When you own or invest in a company that produces things, it's important to be able to see just how much it costs to produce each item, as well as where efficiencies can be improved. Metrics like the minimum efficient scale (MES) can make it easier to determine if you're at peak efficiency.
Overview
What is minimum efficient scale?
When you look at the cost of producing an item in a factory, it's never simply a single point in a vast empty ocean. Instead, these costs exist on scales. As inputs change, so do the costs of the outputs -- the products, if you will.
The minimum efficient scale is part of the long-run average cost curve and represents the point at which goods can be produced as cheaply and efficiently as possible. It also marks the point where economies of scale are most effective.
Long-run average cost curve
Minimum efficient scale and the long-run average cost curve
To really understand the minimum efficient scale, you have to understand the long-run average cost curve since the minimum efficient scale is part of this larger curve. The long-run average cost curve shows the cost of producing a product over time, starting from when the product was produced minimally to a point where it has a high level of production.
At the beginning of the long-run average cost curve, the cost per unit is very high, and as the product is able to scale up, it eventually starts to drop. When it hits the bottom of the cost curve, or the point at which it can't be produced more efficiently or for less money, it's reached the minimum efficient scale. Unfortunately, due to things like added layers of bureaucracy, more labor, and other expansion costs, continuing to produce the product beyond this point tends to turn the curve upward again.
Diseconomies of scale
Minimum efficient scale and diseconomies of scale
When the long-run average cost curve turns upward after the minimum efficient scale is achieved, it's due to the production cost of the product rising. Ironically, this is often the result of the expansion that allowed the company to reach the minimum efficient scale to begin with.

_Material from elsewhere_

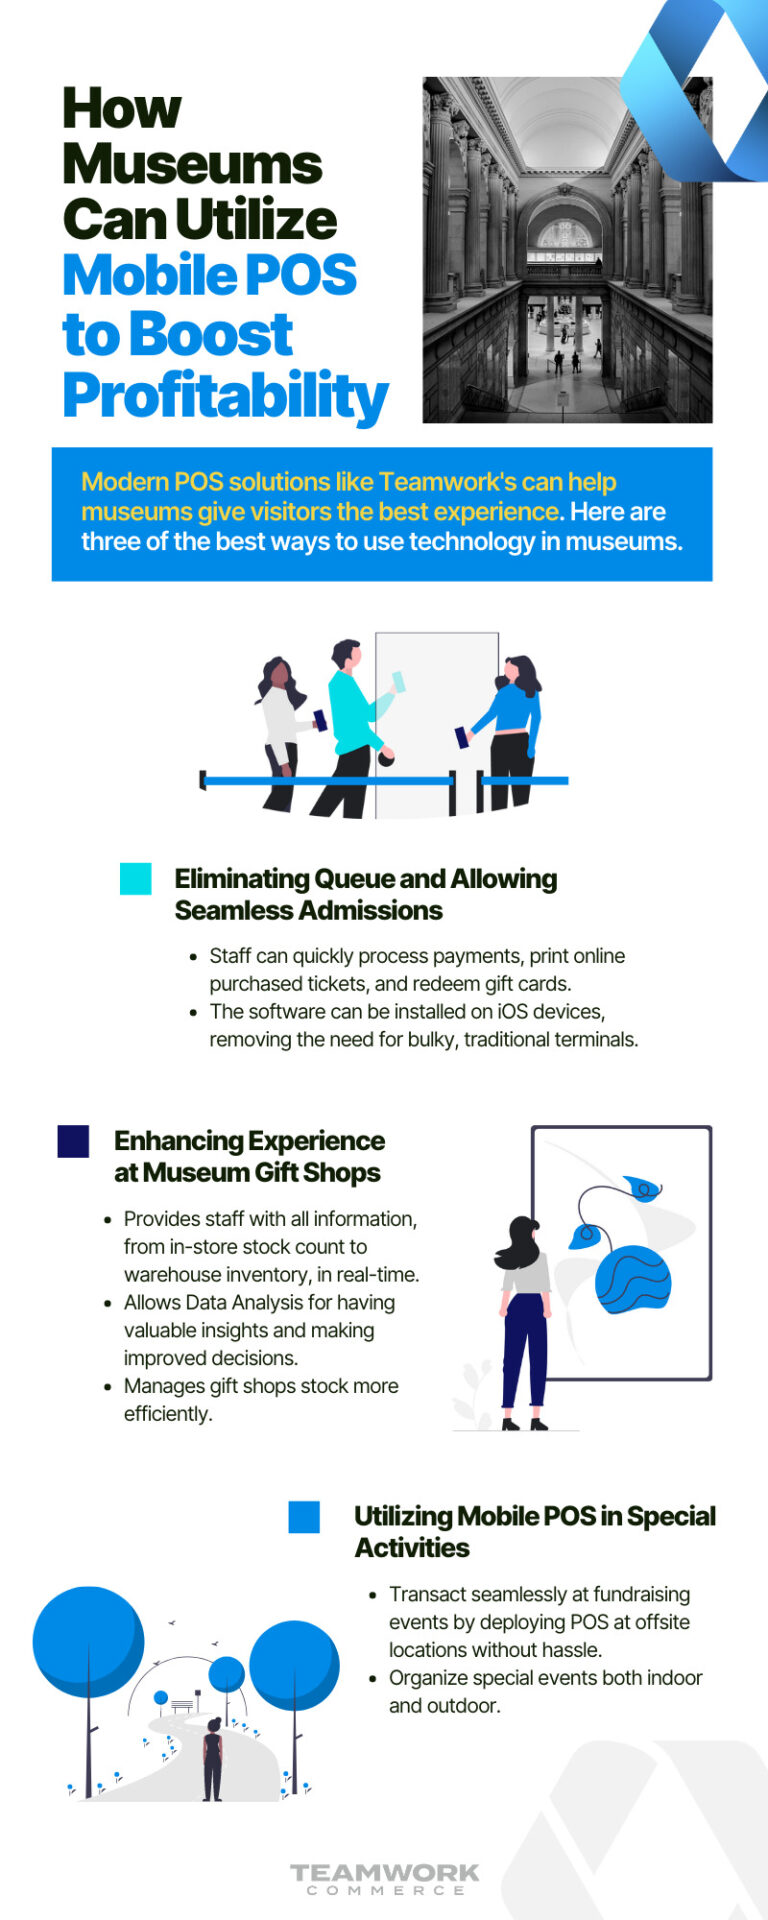 3 Ways How Museums Can Utilize Mobile POS to Boost Profitability

However, more workers need more bosses, more bosses mean more bureaucracy, more bureaucracy means more offices, and all of these new people mean less efficient communication and higher overhead costs per item that cannot be avoided. This is the point where you've entered the diseconomies of scale, where producing more is actually costing you more than when you produced fewer items.
Related investing topics
Why it matters
Why minimum efficient scale matters to investors
Investors who are choosing to buy stocks in specific companies, especially those that manufacture goods, should have at least a passing understanding of minimum efficient scale. This metric tells you about how much production is realistic for your company at its optimum efficiency level. When combined with the long-run average cost curve, minimum efficient scale can help you better understand where and why money is being spent as your company scales up.
It may also be of some interest to bond holders, if they're buying bonds in companies that are manufacturers. Since companies can use bond sales to raise funds for expansion and experience a loss in efficiency because of the expansion, knowing that this is the natural order of things may make you less nervous when it happens.
Either way, because it's practically a given stage for manufacturing companies, understanding minimum efficient scale and what it means in relation to the manufacturing process can help you better choose when to jump into an investment, and what to expect as the company grows.